Сажают в вагоны для перевозки скота. Входя, каждый спешит устроиться в уголок. Желание жить заставляет забираться в местечко поукромней, где смерть может проглядеть. Мы рассчитываем, что будет не слишком тесно, но к нам вталкивают крестьян, четнического судью, каких-то политиканов с бородками под радикалов и амбицией государственных деятелей, студента-медика Рамовича и лесничего с плотно набитыми сумками.

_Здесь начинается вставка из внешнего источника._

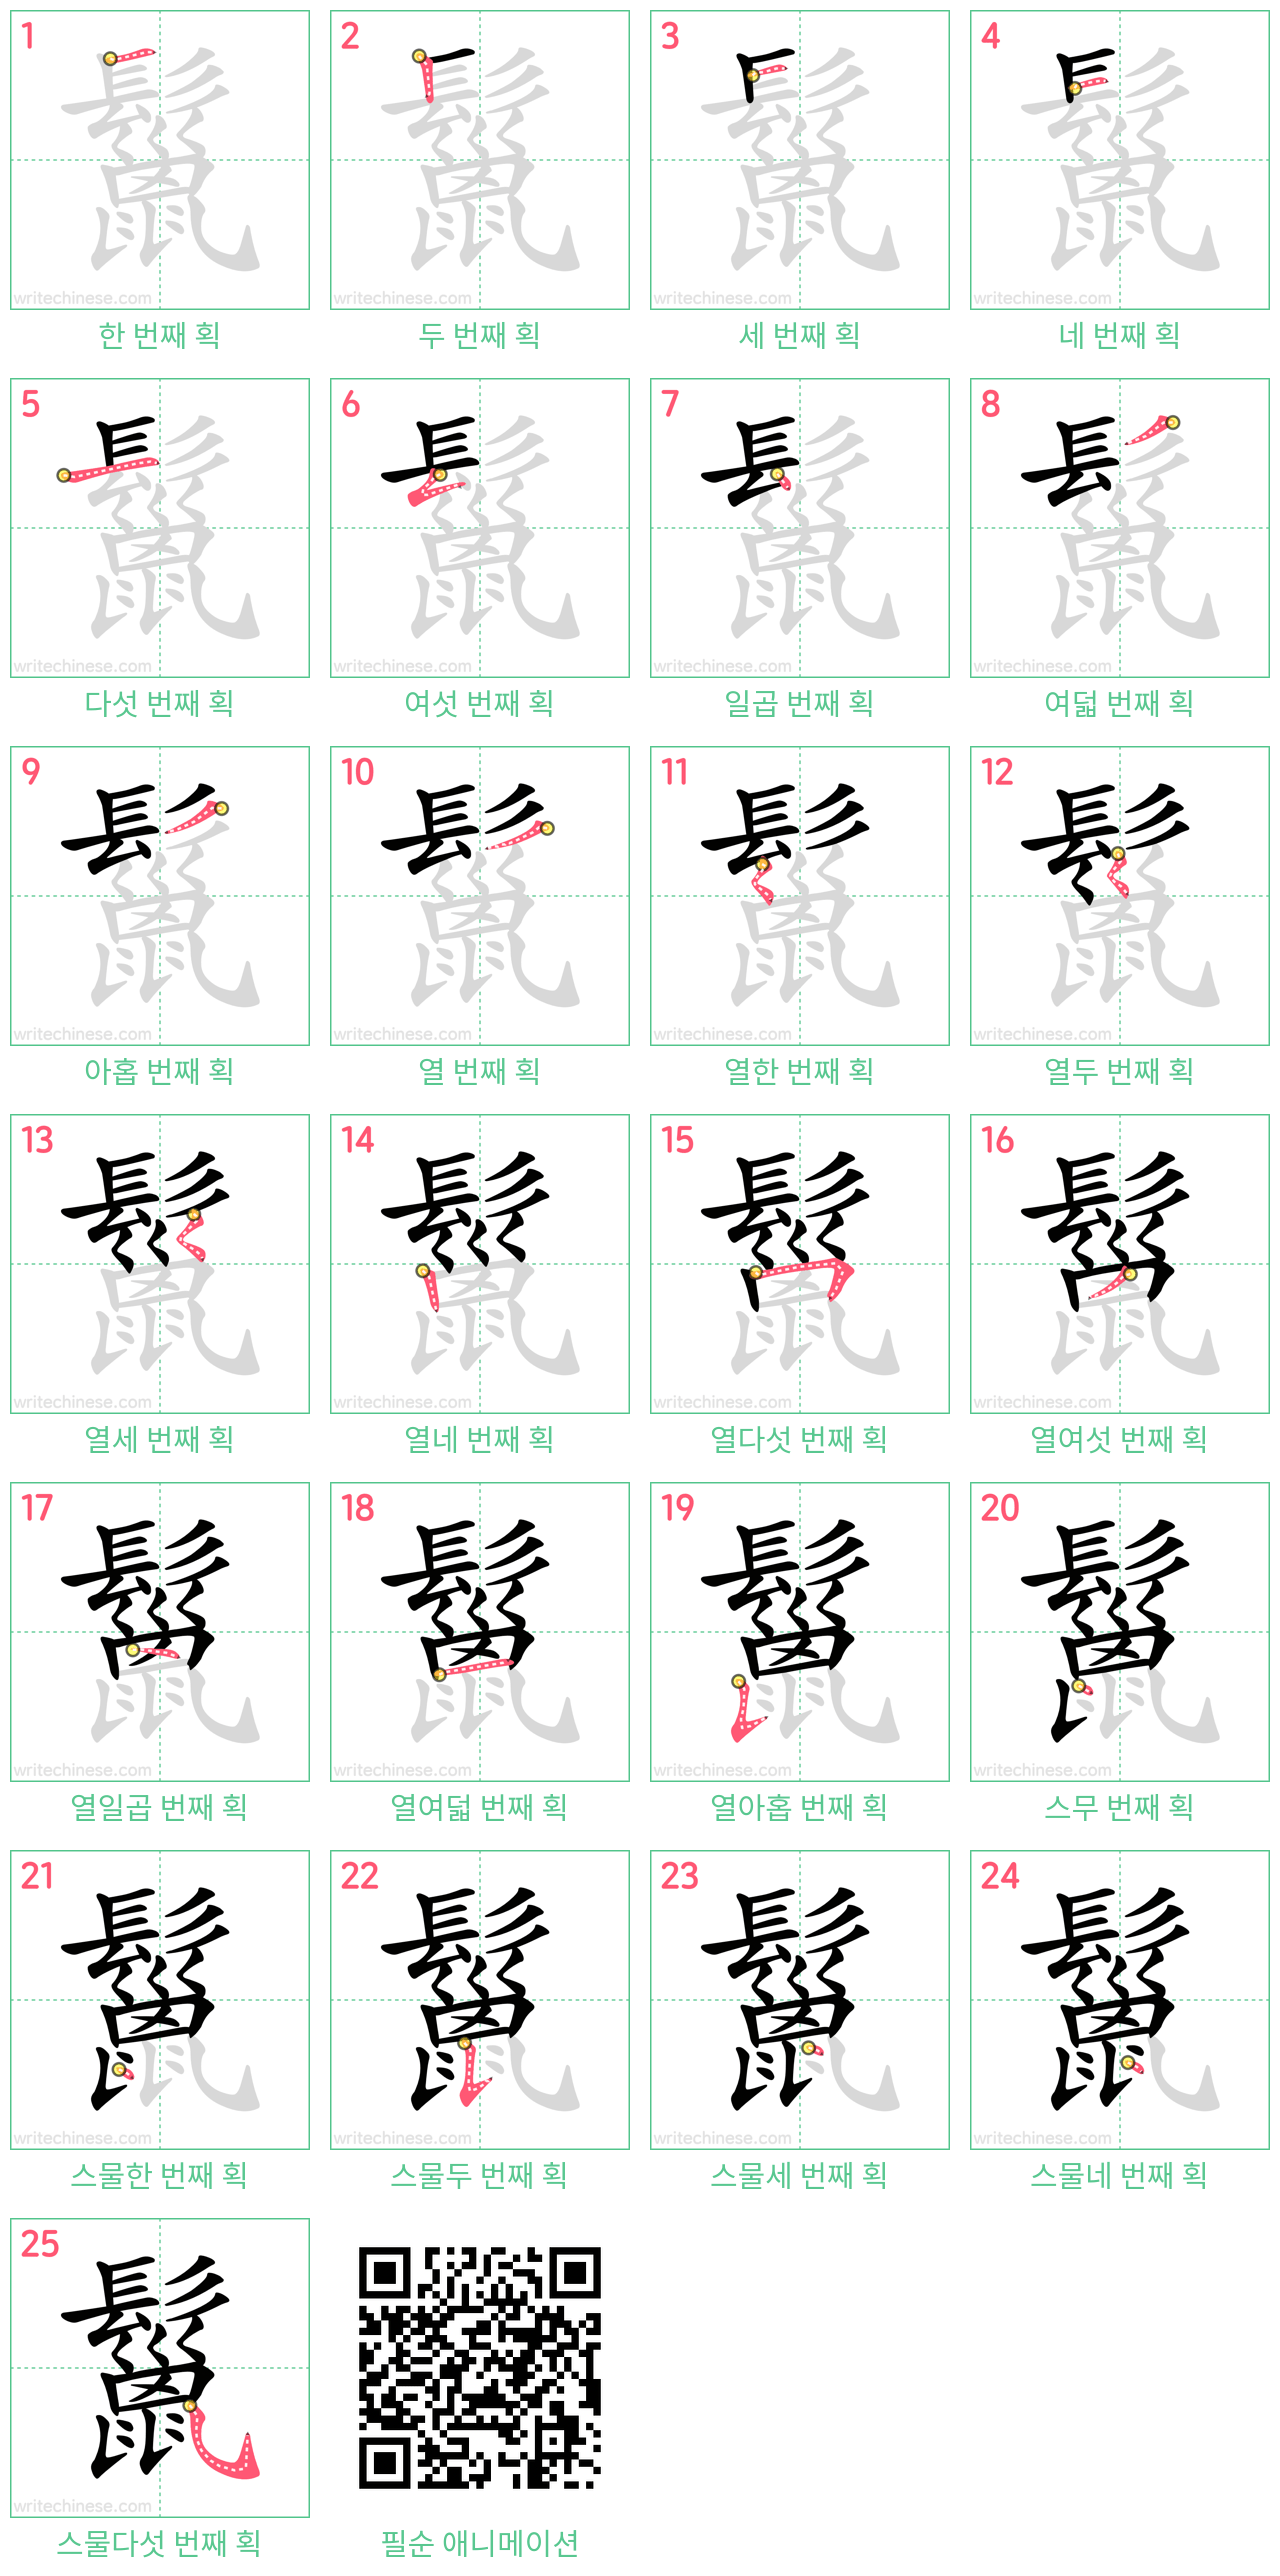 鬣 step-by-step stroke order diagrams

Они не возмущаются, что оказались в одной клетке с коммунистами, хотя это не значит, что такое положение их устраивает, просто не смеют возмущаться, тявкнуть не смеют. Они убедились, что немцу одним только брехом против коммунистов не угодишь, он требует большего.
На полу - тонкий слой соломы, потому и курить запретили. А за ослушание пригрозили расстрелом. Шумич закурил, как только задвинули дверь. Вслед за ним Черный и я. Радикалы или демократы с бородками поглядели на нас и вздохнули: им кажется, что у них есть кой-какие шансы, а по нашей вине они могут их потерять.

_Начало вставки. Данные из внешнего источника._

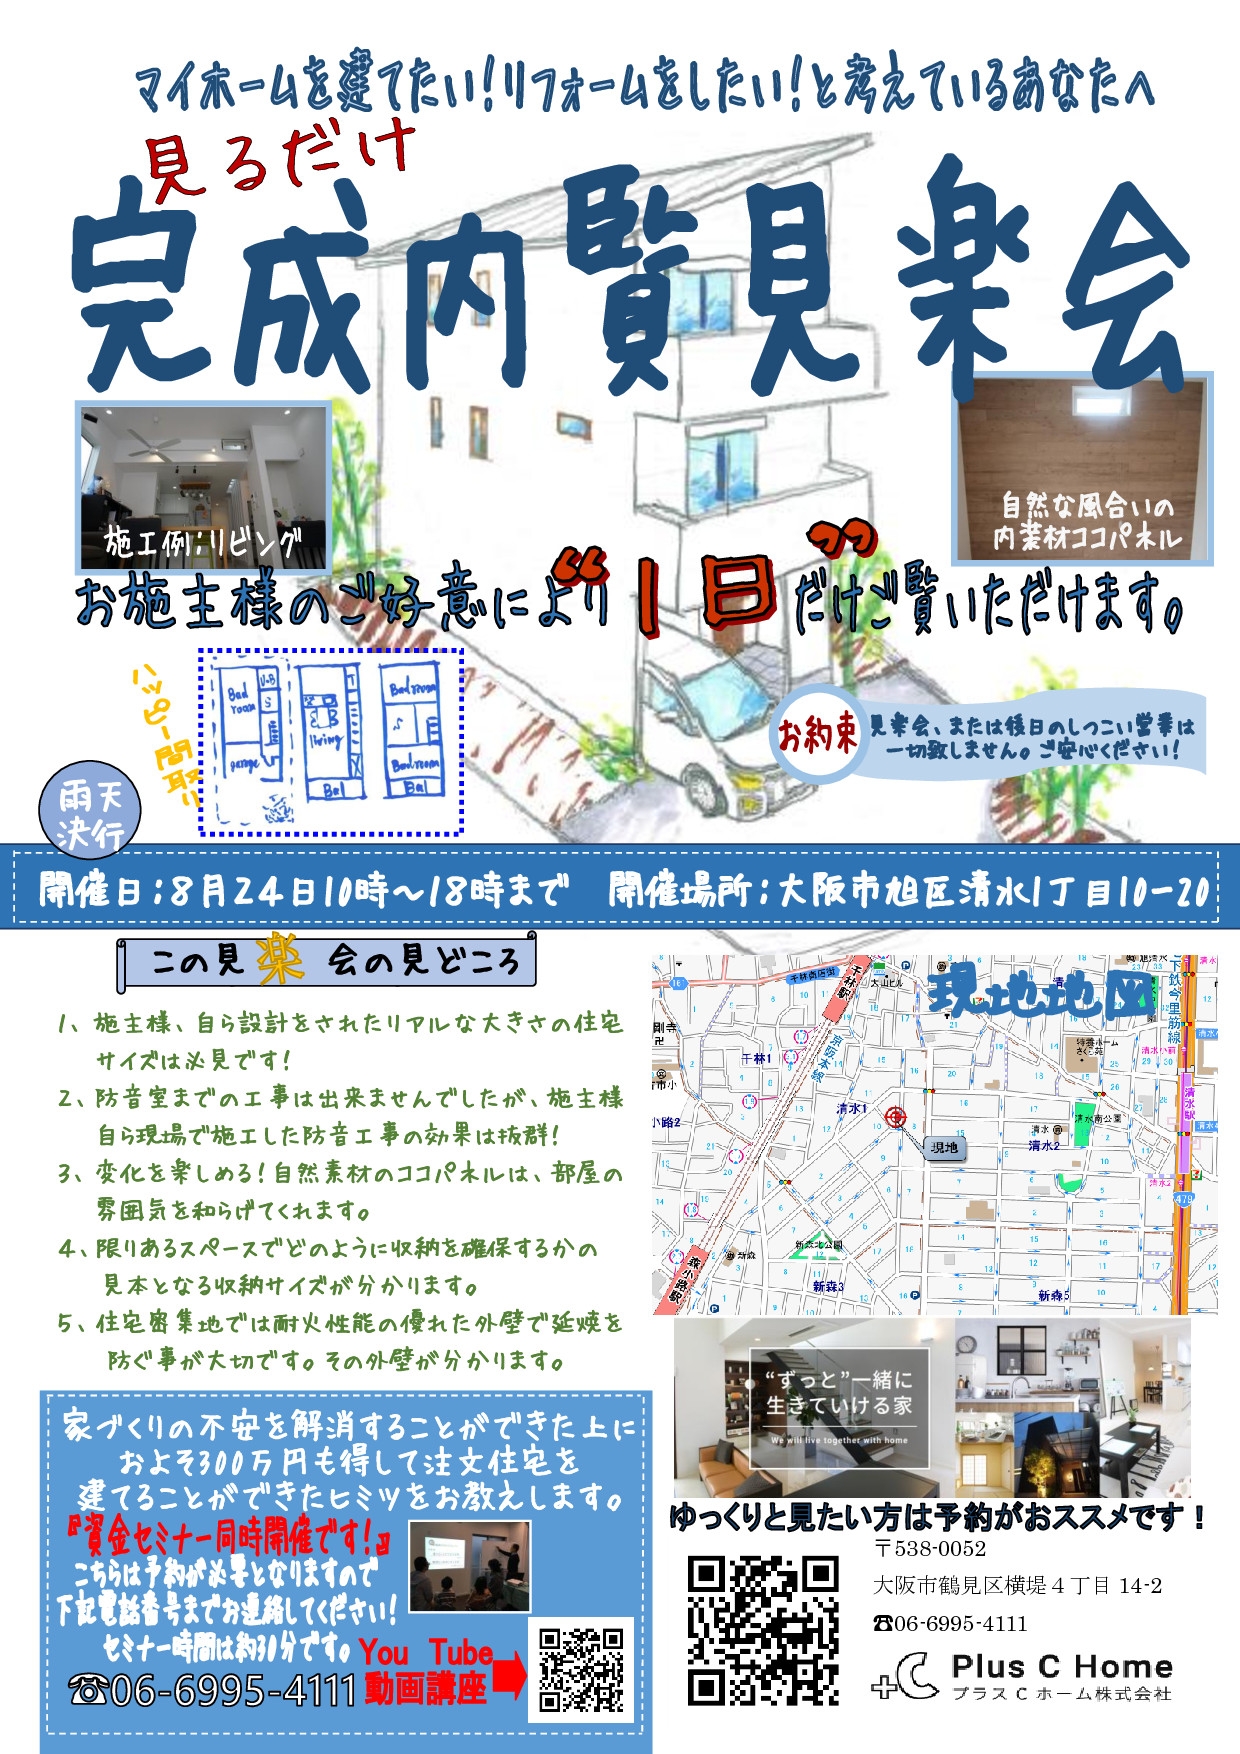 大阪注文住宅Plus C Homeの完成内覧見楽会

Тишина стоит такая, что слышен скрип щебня на полотне под солдатскими сапогами. Торопливо застучал молоток. Удары сухие, короткие, напоминают пистолетные выстрелы. Наверно, бьют острым концом. Видо просовывает голову в окно. В последнем вагоне затягивают проволокой окна. Догадываемся, не иначе туда посадили андриевчан - боятся, не убежали бы, вот и оказывают им предпочтение. Я завидую, стало быть, они чем-то заслужили такое, и каждый удар молотком бьет меня по нервам, проникает глубоко в мозг, судорожная боль еще не утихла, новый удар влечет новую боль, превращая все в сплошное кольцо боли.

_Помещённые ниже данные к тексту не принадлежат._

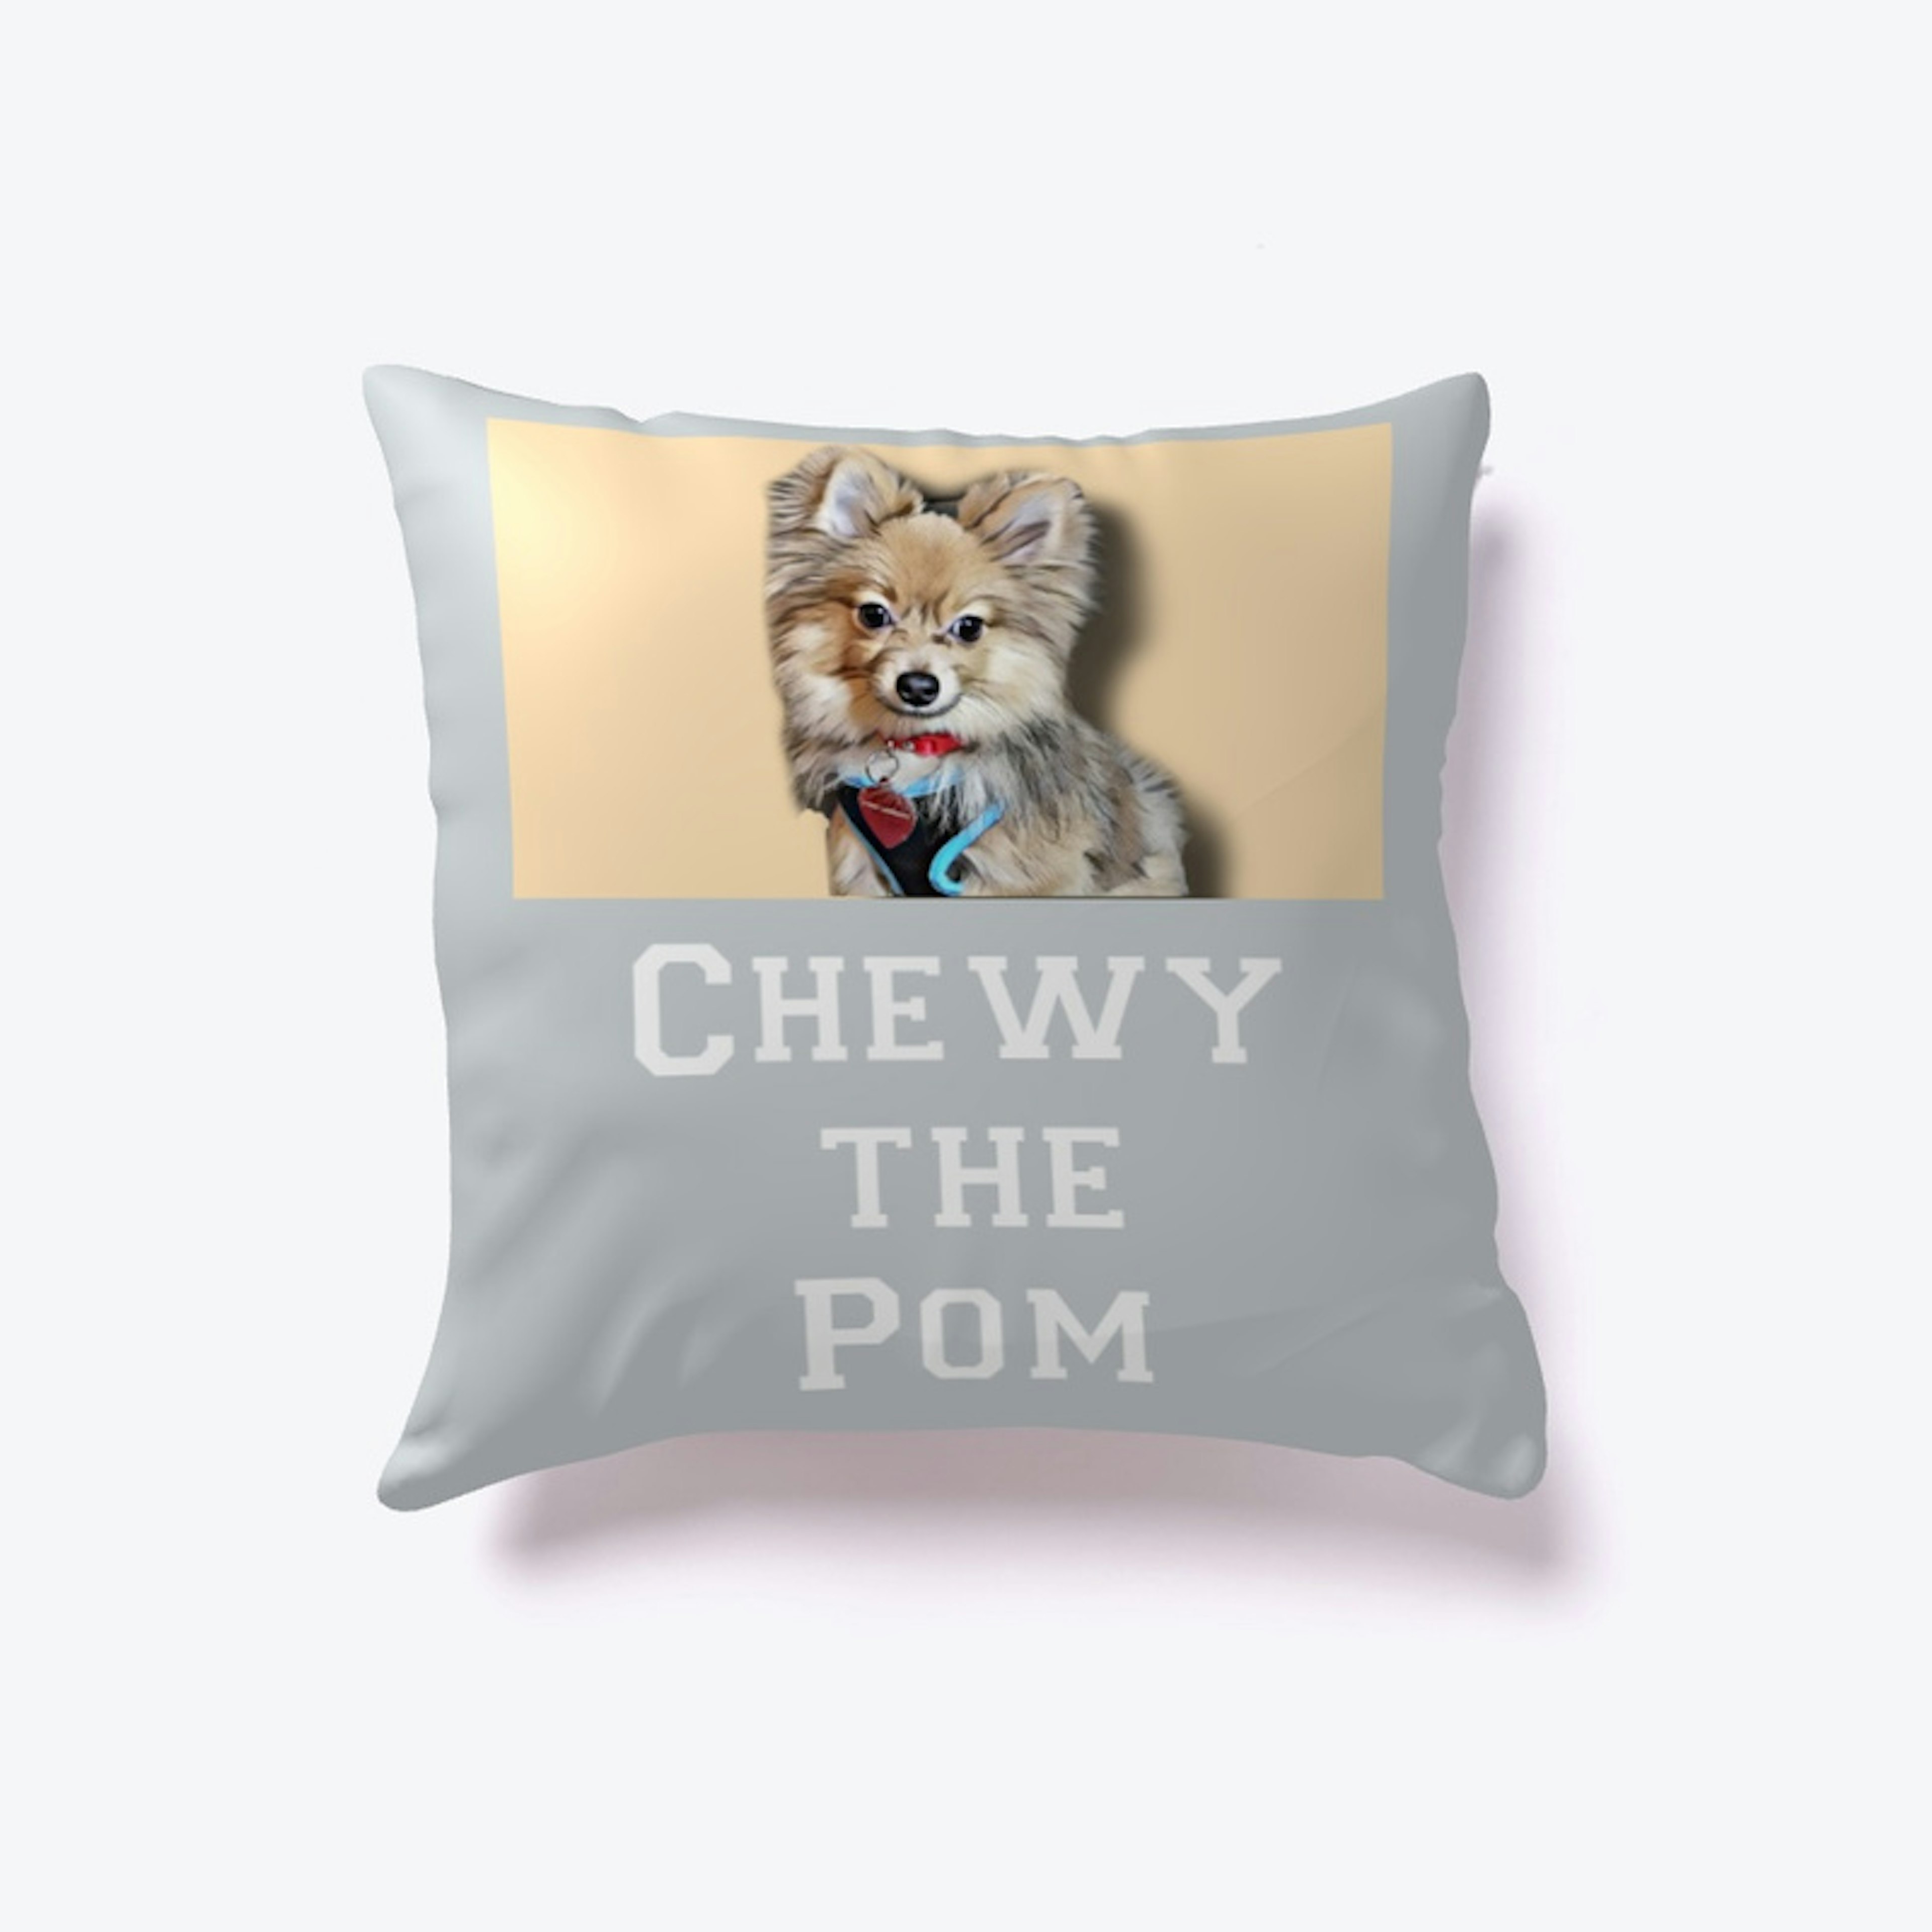 Chewy THE Pom 👑

Наконец стук обрывается. Зато крик и топот приближаются. К нашему вагону прислонили лестницы. Мы погасили сигареты. В окне появилось серое лицо, потом молоток. Забивают гвозди - окно оплетают колючей проволокой, мелькают клещи, вверх-вниз, вверх-вниз. Судороги меня больше не мучают, утихла и боль. Однообразие - единственное лекарство для многих из нас, сейчас это колючая проволока.
Окно будто затянуло паутиной - круги, кресты - не пролететь и птице. На какое-то мгновение наступает тишина, все становится на свои места: заделали решеткой окно у коммунистов, с ними иначе нельзя, но когда у следующего вагона раздается стук молотка, возобновляется моя боль и судороги, с которыми я не могу справиться. Ведь там крестьяне и четники, вчера еще дикая орда, сегодня - ничто. Почему, спрашиваю себя, у них заделывают проволокой окна?.. И тут же ехидно замечаю: "Тебе их жалко стало?" Ни чуточки, здесь нечто иное: мне досадно, что нас равняют с ними! Больно, что принижают до их уровня - они ведь действительно, умирая, убивая, служили и славословили той силе, которая сейчас их сажает за решетку и толкает во мрак. Тут, собственно, нет несправедливости, говорю я себе, случайно получилось, что она восторжествовала, так почему мне не радоваться, как Шумич, Черный, Грандо или Гойко?..
Нет, не могу. Значит, думаю я, этот зарвавшийся монстр, названный волею случая человеком, лишь жалкий невежда. Он не знает и ошибается, убивает и кается, рубит сук, на котором сидит, и целует сапог, который его топчет… А знаем ли мы больше его? Вероятно, не на много больше, во всяком случае, не на столько, на сколько нам кажется…
Раньше через окно был виден кусочек неба. Сейчас, сквозь переплетенные проволоки, небо уже не похоже на себя: отсутствует глубина, а свод напоминает плоский лист кровельного железа, прислоненного к колючей проволоке.
Смеркается. Наверно, солнце уже зашло. И действительно, самое время после всего происшедшего закончиться этому дню. Поскорей бы, даже если завтра будет хуже!..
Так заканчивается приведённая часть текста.